Уильяма переполняло чудесное чувство триумфа, к которому примешивалось нечто вроде досады. Он еще никогда никого не убивал и теперь жалел, что не мог убить Жильбера. Ведь подвергнуть человека пытке и не убить его — это то же самое, что раздеть девчонку и не изнасиловать ее. И чем больше он об этом думал, тем больше ему хотелось женщину.

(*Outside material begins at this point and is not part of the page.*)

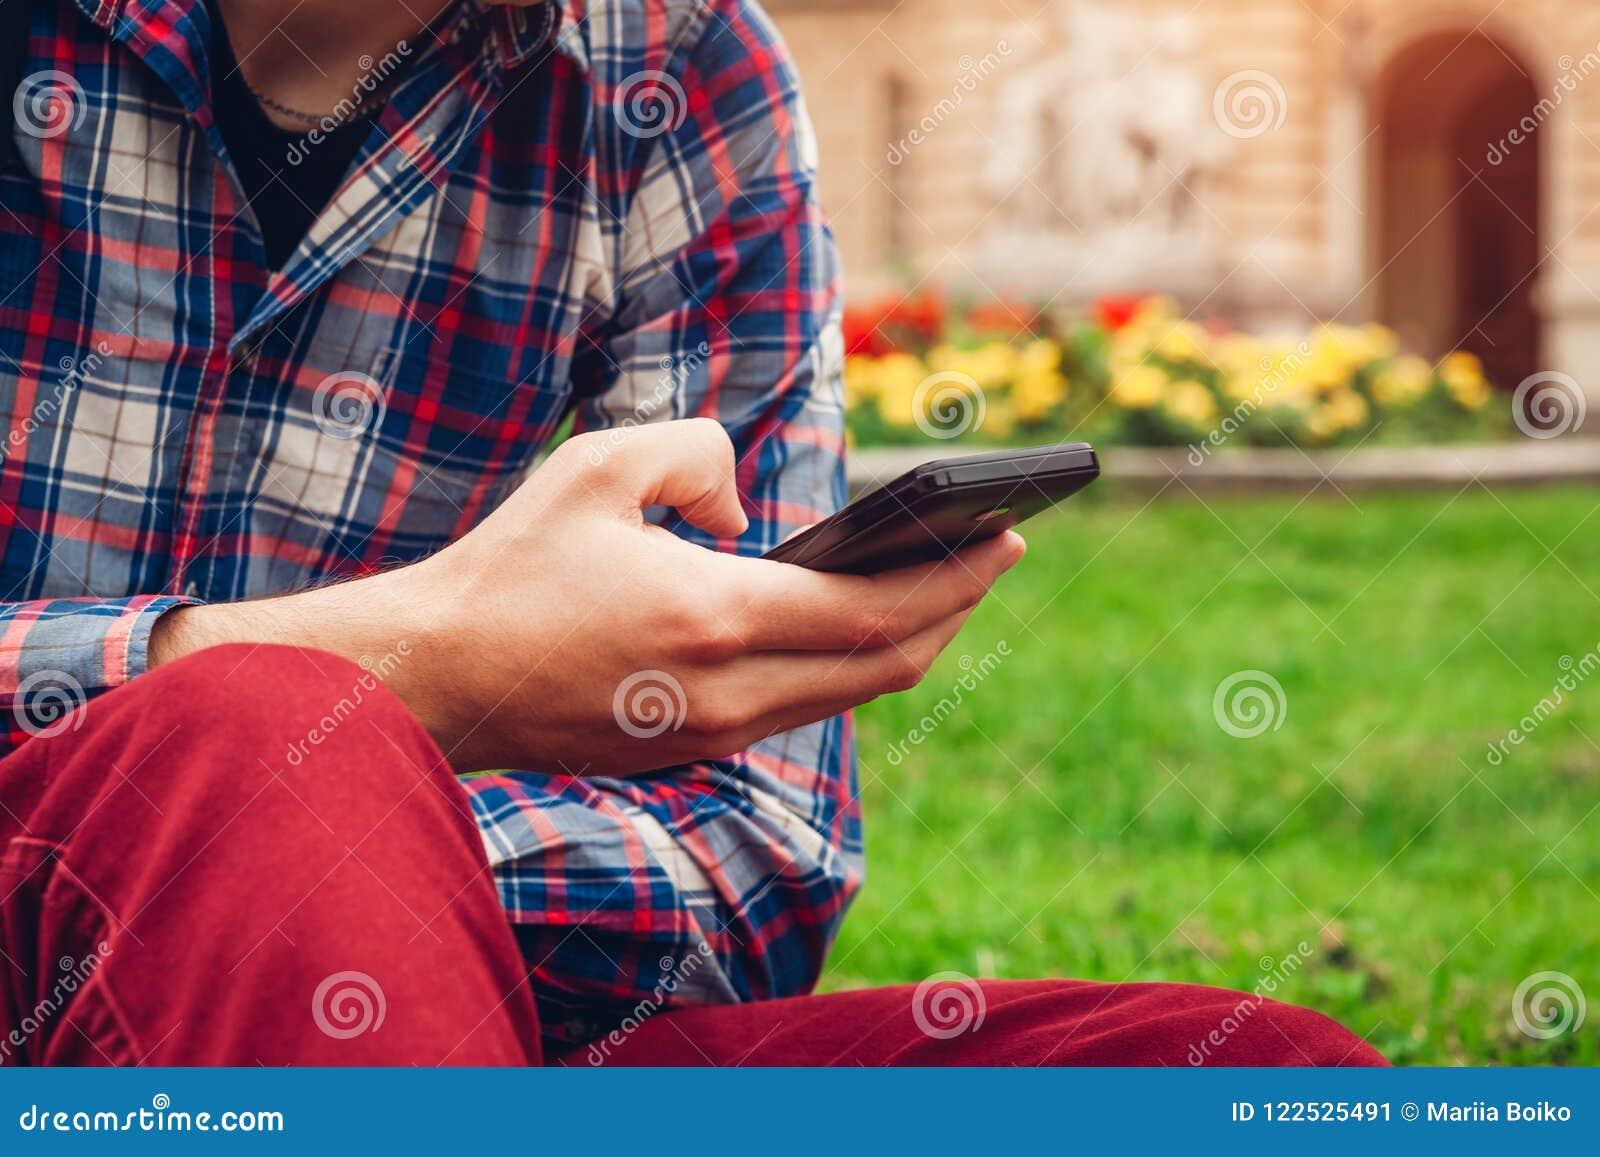 Uomo di istituto universitario bello che raffredda nel parco della città universitaria di primavera Studente felice del tipo che

Может быть, когда доберется до дому… нет, там времени не будет. Ему придется обо всем рассказать родителям, и они захотят, чтобы Жильбер повторил свое признание в присутствии священника, а возможно, и еще каких-нибудь свидетелей, ну а затем они обдумают план захвата графа Бартоломео, который обязательно нужно осуществить завтра, пока Бартоломео не успел собрать слишком много воинов. И кроме того, Уильям еще не придумал, как исхитриться и овладеть замком без длительной осады…
Он ехал, погруженный в невеселые размышления о том, что, по всей вероятности, пройдет немало времени, прежде чем он хотя бы увидит более или менее привлекательную женщину. И тут прямо перед ним на дороге появилось то, о чем он сейчас мечтал.
Навстречу ему брела группка из пяти человек. И среди них была темноволосая женщина лет двадцати пяти, не девушка уже, но достаточно молодая. По мере ее приближения интерес Уильяма все возрастал: она была настоящей красавицей с мысиком сходящимися на лбу волосами и глубоко сидящими глазами насыщенного золотого цвета. У нее была стройная, гибкая фигурка и гладкая, загорелая кожа.
— Задержись, — сказал Уильям Уолтеру, — и загороди рыцаря, пока я буду с ними разговаривать.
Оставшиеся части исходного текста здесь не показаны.